What do you do if it happens? “Open whatever hatches you can, get off the boat and call 911,” Burket says. Turn off automatic bilge pumps and main battery switches only if it’s safe. “If they’re in the bilge area or in the cabin and it smells like gas there, don’t mess with them,” he adds.
For gas in the bilge while underway, turn off engines and generators, open hatches and don’t use anything electronic. “If you don’t smell gas up on the flying bridge or on the bow, you’re OK to use a radio or cellphone to call for help.” Burket says. Dropping an anchor — manually, not with the electric windlass — might keep fumes aft to make this safer.

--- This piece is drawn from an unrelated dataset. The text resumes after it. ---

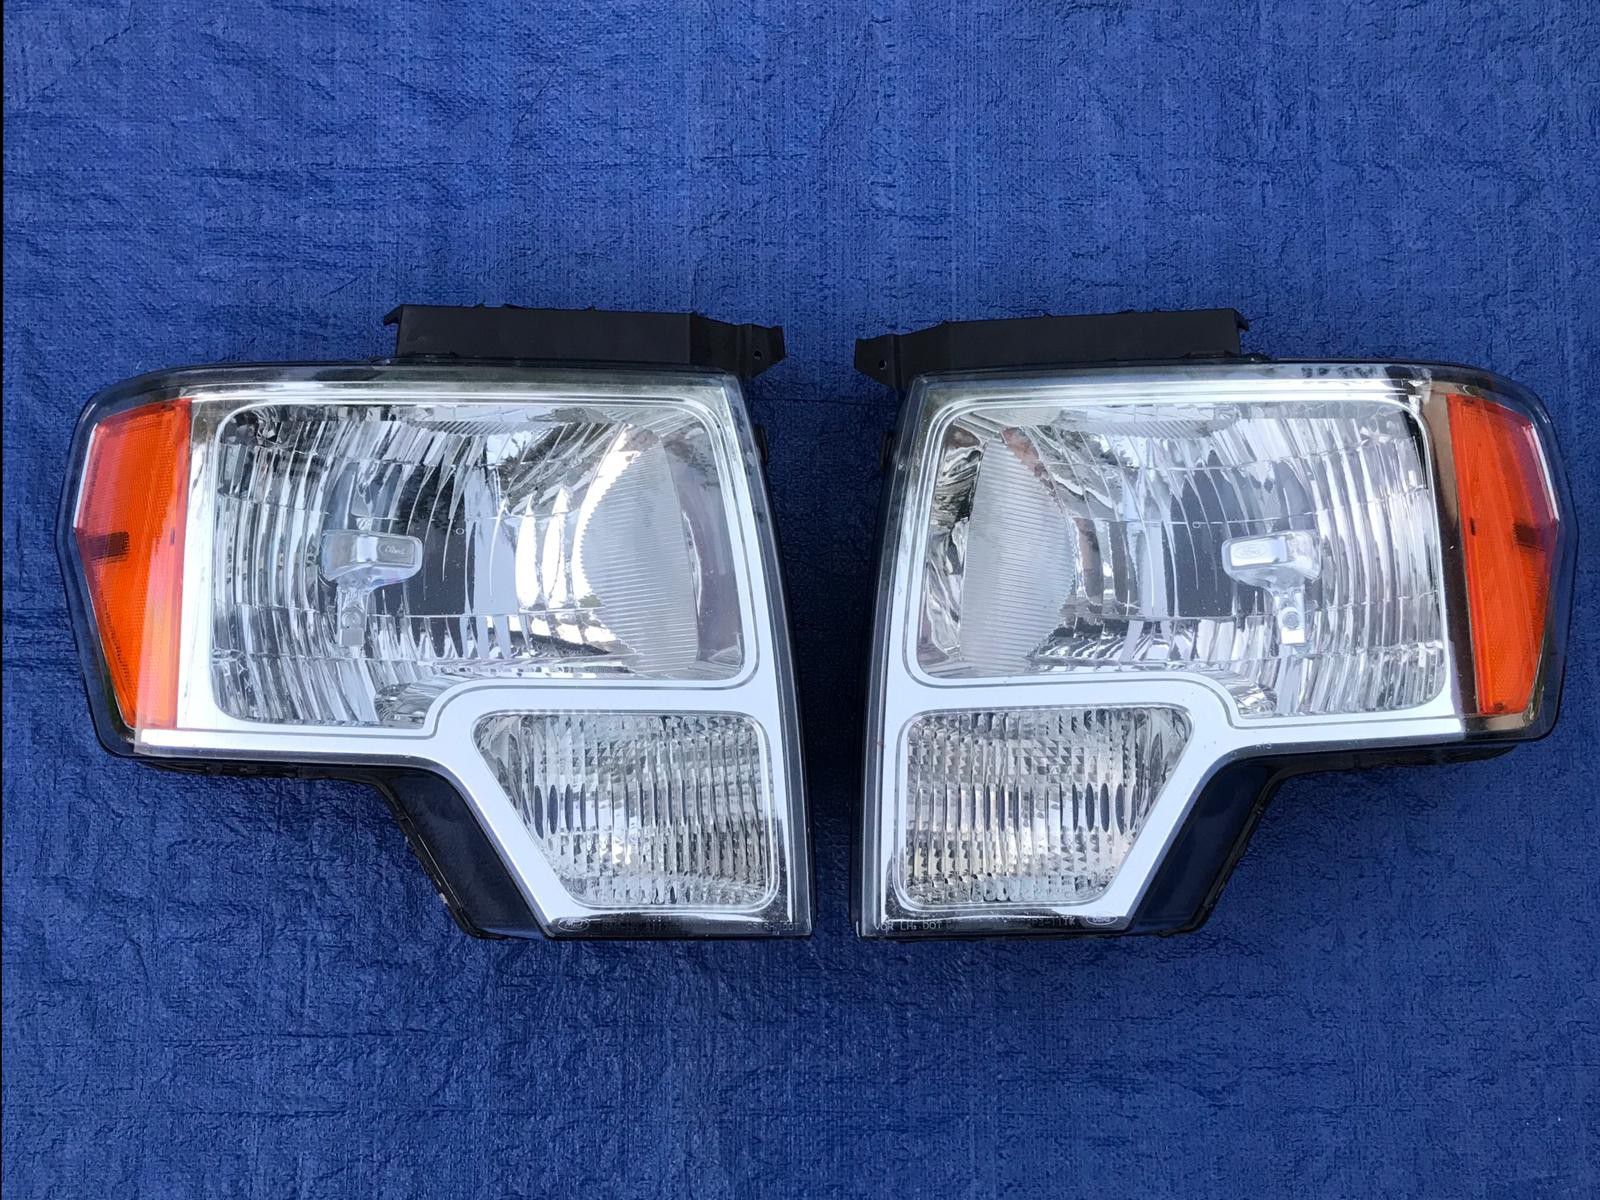 Ford F150 headlights

When help arrives, get off the boat and let an assistance towing company tow it home. “A fireboat might meet you offshore,” Burket says. “They can put firefighting foam in the bilge, which greatly reduces explosive vapors, just like the fire department can at the dock.”
New Boats, New Systems
To meet new Environmental Protection Agency requirements that limit fuel vapor emissions and prevent fueling accidents, most new boats with fixed fuel tanks include valves on tank vent hoses and fuel fills. “When liquid fuel reaches the vent or the fill, those valves shut instantly. That triggers the fuel nozzle to shut off, just like when you’re fueling your car,” says Dave Walsh, marketing manager of Attwood Marine.
Attwood’s system handles a fill rate of up to 18 gallons per minute without tripping shut until the tank is full. Topping off after that risks disgorging fuel back through the fill, and repeated topping off might also damage carbon canisters that scrub gasoline fumes from vent lines.